Левый дух, затупивший острие своего меча о Россию, вернулся на Запад, откуда и пришел к нам. Стремительно до неузнаваемости меняется некогда великая Европа, родившая великую культуру, где человек – воплощенный долг, для которого Вера, Отечество. Любовь, честь были выше жизни.

Доминирующая сегодня в Европе идеология крайне левого либерализма, который правильно называть либертаризмом, утверждает свободу «суверенного человека» от всех и всяких систем ценностей, Искаженное, доведенное до абсурда толкование прав человека и свобод на самом деле есть дегуманизация человека, который перестал различать грань между грехом и добродетелью, красотой и уродством, добром и злом. Это, по сути, оскотинивание человека, провозгласившего торжество плоти над духом.

Консервативная Европа сопротивляется, но новый либертаризм агрессивен и усвоил все повадки своего недавнего оппонента – коммунизма.

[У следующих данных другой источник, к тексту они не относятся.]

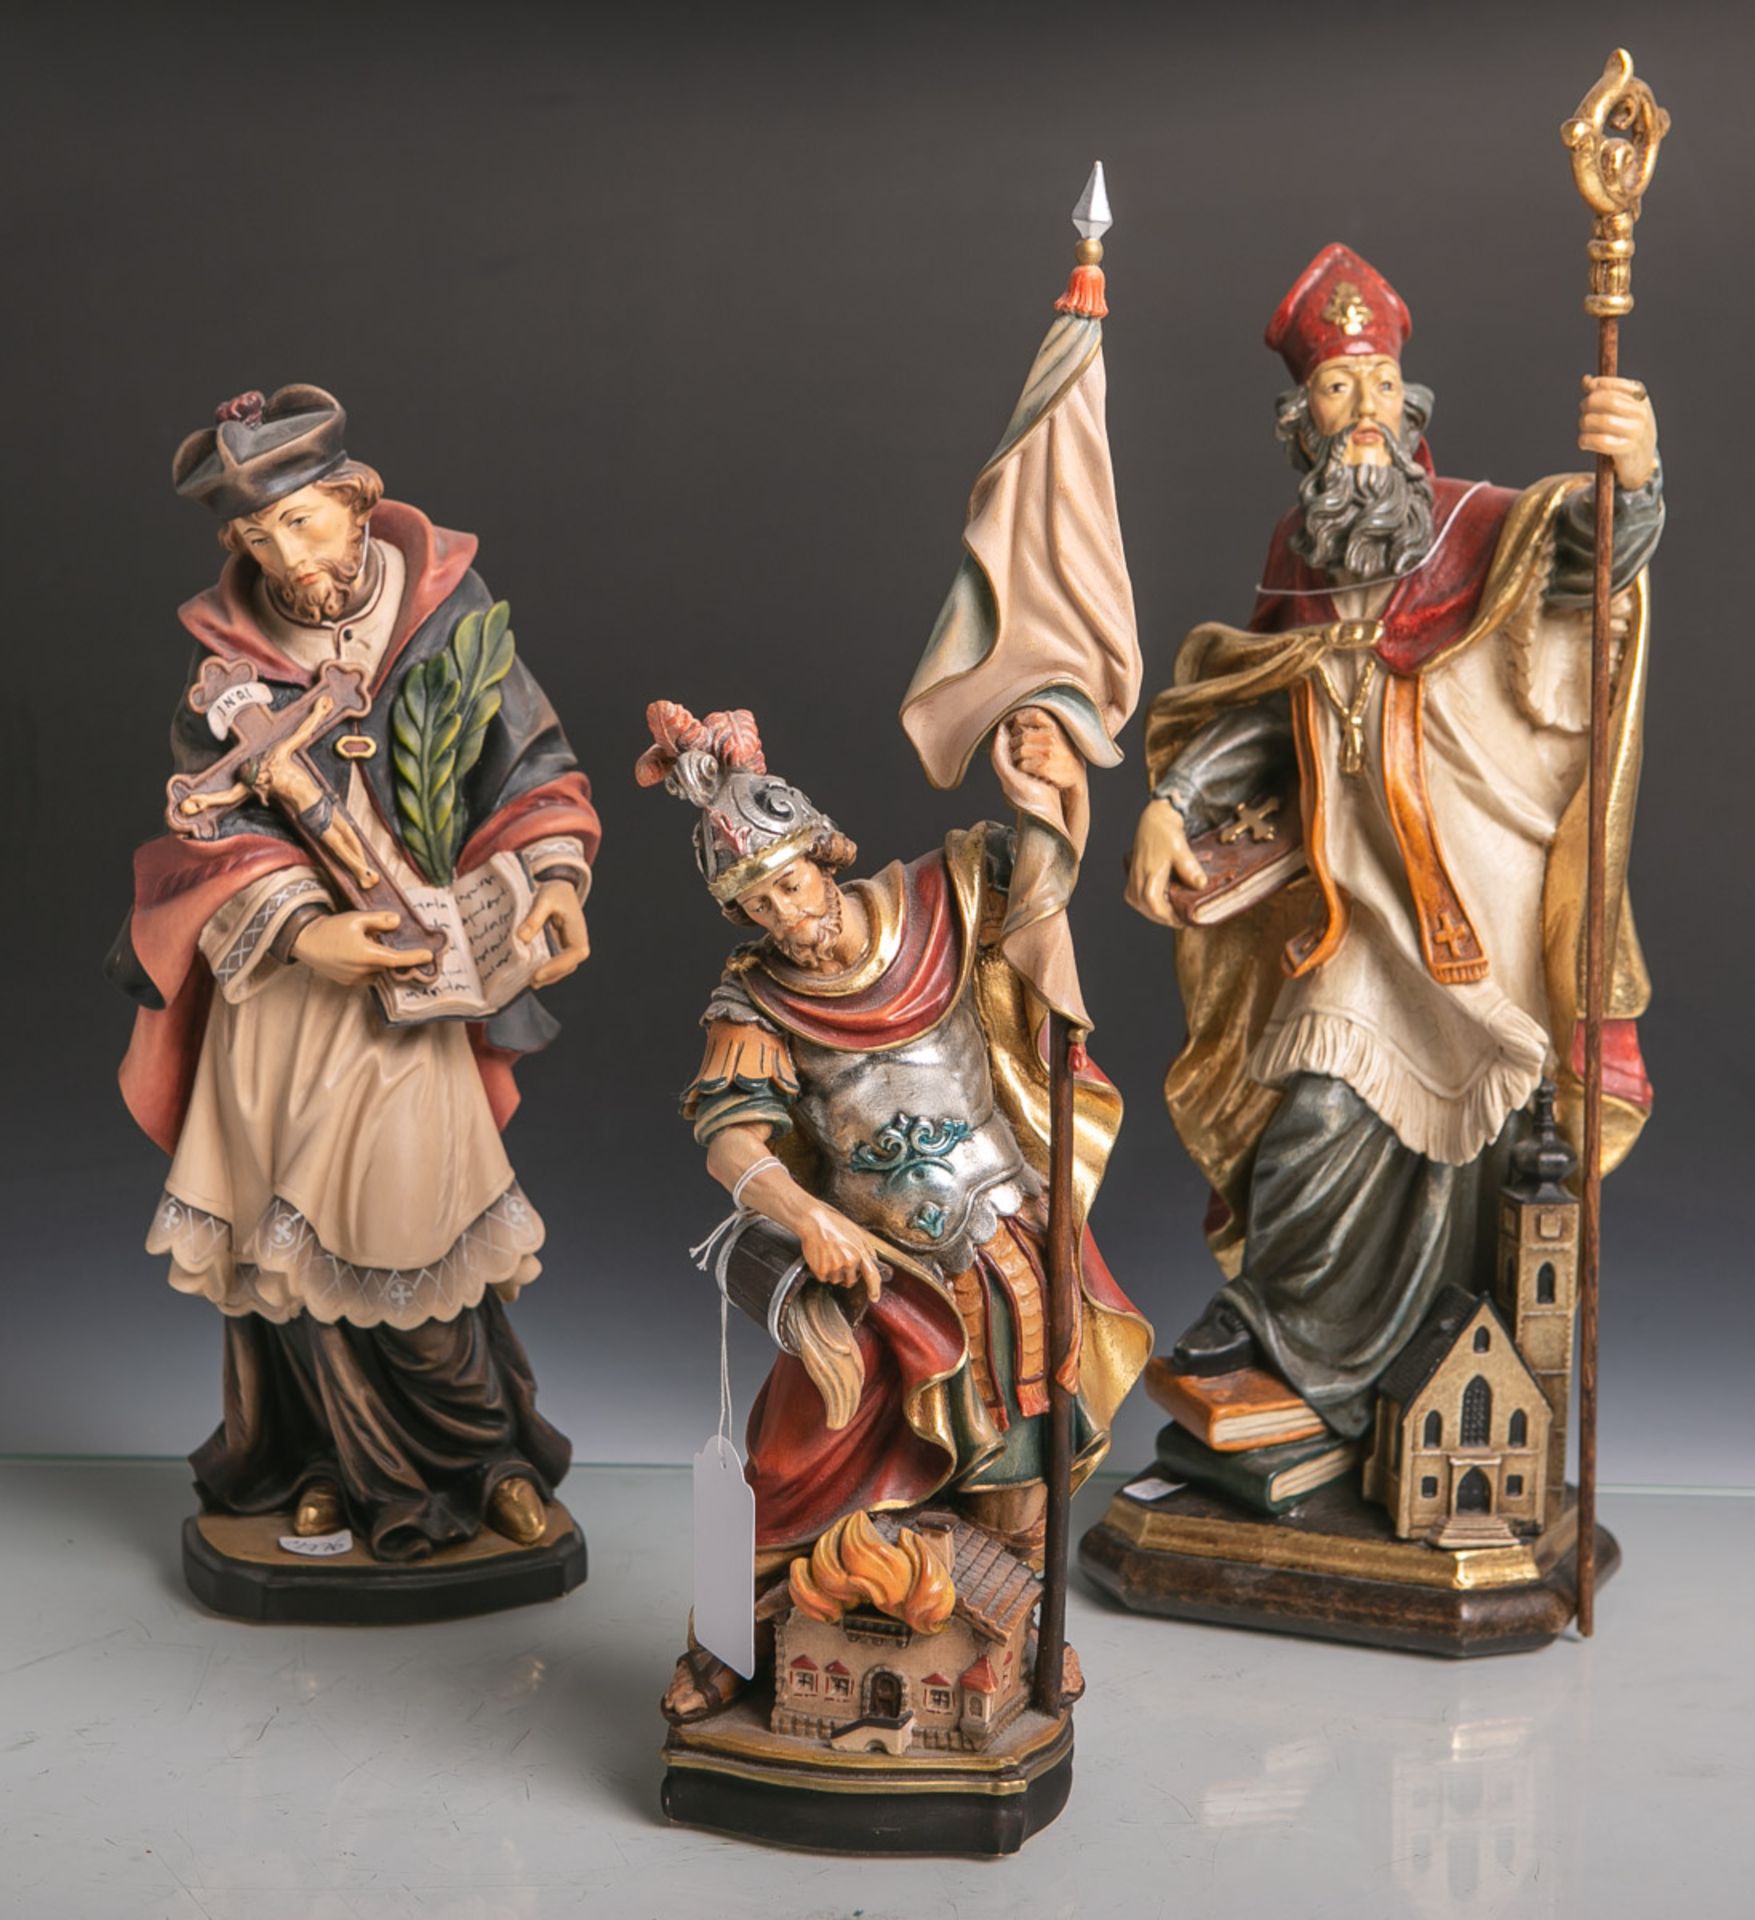 Konvolut von 3 versch. Holzfiguren von Heiligen, vollplastisch geschnitzt, polychrom

В области мировоззрения европейская идеологическая модель все более тоталитарна. Но и здесь я пока еще верю в силу заложенной Богом совести, которая удерживает пока Европу как культурное явление от окончательного упадка.

Европа сегодня, подобно Риму в период декаданса, упивается своими свободами, гедонистическим целеполаганием, забыв, что такой Рим с его термами и акведуками, вместе с хваленой демократией был разрушен варварами, которые не нуждались ни в термах, ни в демократии. А варвары уже у ворот – они демонстрируют теплохладной Европе свою силу, устраивая теракты в Париже, Брюсселе и Лондоне…

Произошли серьезные и необратимые сдвиги в соотношении сил и влияния цивилизаций. Увлеченный соблазном навсегда вытеснить Россию из концерта, Запад проглядел взлет китайского дракона. Объявив об однополярном мире и запустив свой межпланетный корабль, США плохо просчитали орбиты других великих небесных тел. Динамизм развития перемещается на Восток.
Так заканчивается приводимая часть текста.